それを「病名漢方」といいます

婦人科の診察室で、こんなご経験はありませんでしたか?
「当帰芍薬散を出しておきますね」

漢方的な問診はなし。
体質の話もなし。
病名に対して、漢方薬の名前が書かれた処方箋が渡されることがあるかもしれません。

この場合は「漢方」ではありません。
「漢方薬を使った西洋医学」です。

処方された薬が化学系薬剤ではなく、漢方薬であるということと、「漢方」とは少し区別したいものです。

病名漢方とは?
病名漢方とは、「この病名にはこの漢方薬」と機械的に当てはめる処方スタイルのことです。
例えば、不妊には当帰芍薬散。生理不順には桂枝茯苓丸。更年期には加味逍遙散・・・といった感じで、婦人科に限ったことではありません。

このような使い方は、西洋医学の「この症状にはこの薬」という思考と構造がまったく同じです。
漢方薬という分類の薬を使っているだけで、漢方の考え方はそこには必要なさそうです。

本来の漢方は、病名を診ません
漢方が2000年以上かけて築いてきた医学体系は、「病気を治す」ではなく「人を診る」ことを根幹にしています。

気・血・水の巡り、五臓の状態、陰陽のバランス、虚実寒熱などをひとつひとつ確認し、その人固有の「証(しょう)」を見極めてはじめて、処方が決まります。

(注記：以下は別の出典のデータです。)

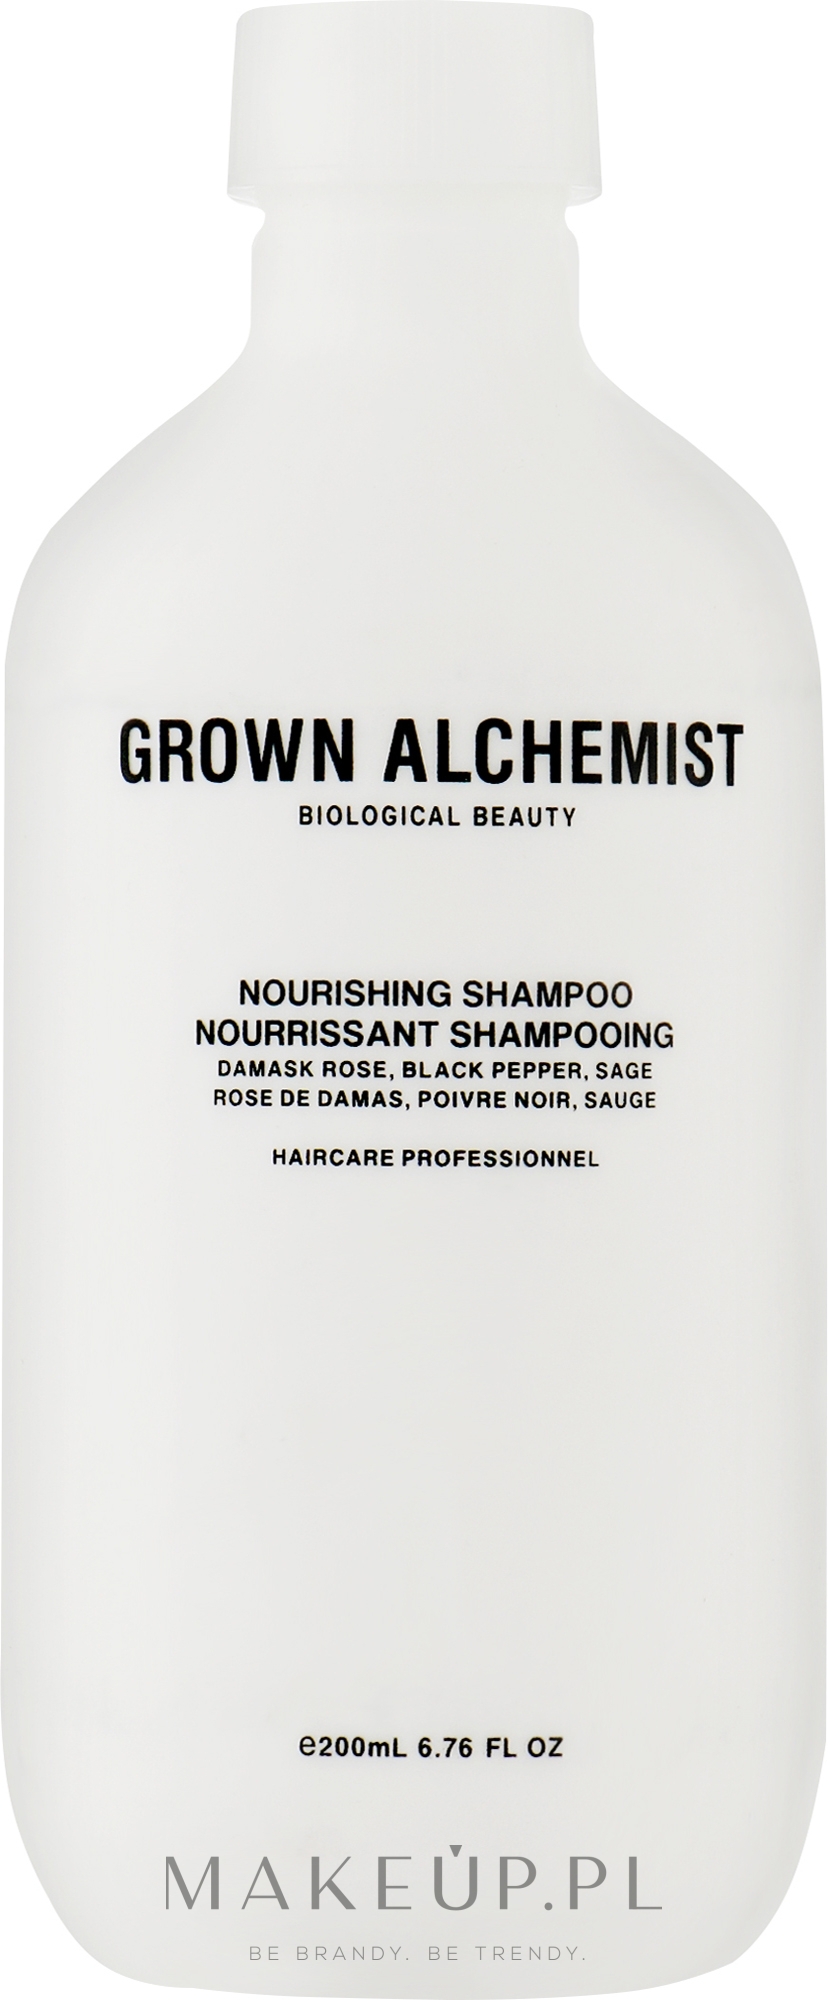 Odżywczy szampon do włosów - Grown Alchemist Nourishing Shampoo 0.6 Damask Rose, Black Pepper, Sage — Zdjęcie 200 ml

同じ「不妊」でも、冷えが強い人と熱がこもっている人では、正反対の処方になることがあります。
同じ「生理不順」でも、血が足りない人と血が滞っている人では、まったく違う漢方薬が必要になります。

「不妊に効く漢方薬」は存在しません。
「あなたの体質に合った漢方薬」があるだけです。

問題は、混同されていること
「漢方は試しました。でも効果がなくて」
そうおっしゃる方に詳しく聞いてみると、婦人科で処方された当帰芍薬散を数ヶ月以上飲んでいた、というケースも見受けられます。

体質に合わない漢方薬は、効かないだけではありません。
合わない処方を飲み続けることで、体のバランスをかえって崩してしまうこともあります。

「漢方は効かなかった」のではなく、「その漢方薬がその人に合っていなかっただけ」かもしれないという思いが浮かびます。
漢方薬を利用したことはあっても、本来の漢方を利用したことがない、ということでもあります。 

漢方薬と漢方は、別物です
漢方薬はあくまで「道具」です。
その道具を、誰が、どんな根拠で、どのように使うかによって効果に違いが出ます。

漢方専門薬局での相談は、体質を丁寧に見極めることから始まります。
身体面の調子、冷えや熱の状態、精神的なストレスの影響、生活習慣……時間をかけて全体を把握し、その方に合った処方を組み立てます。

「漢方を試した」と思っている方ほど、あらためて一度ご相談いただきたいと思います。

妊娠への体づくりに近道はないかもしれません。
でもあなたにとっての最短ルートはあるはずです。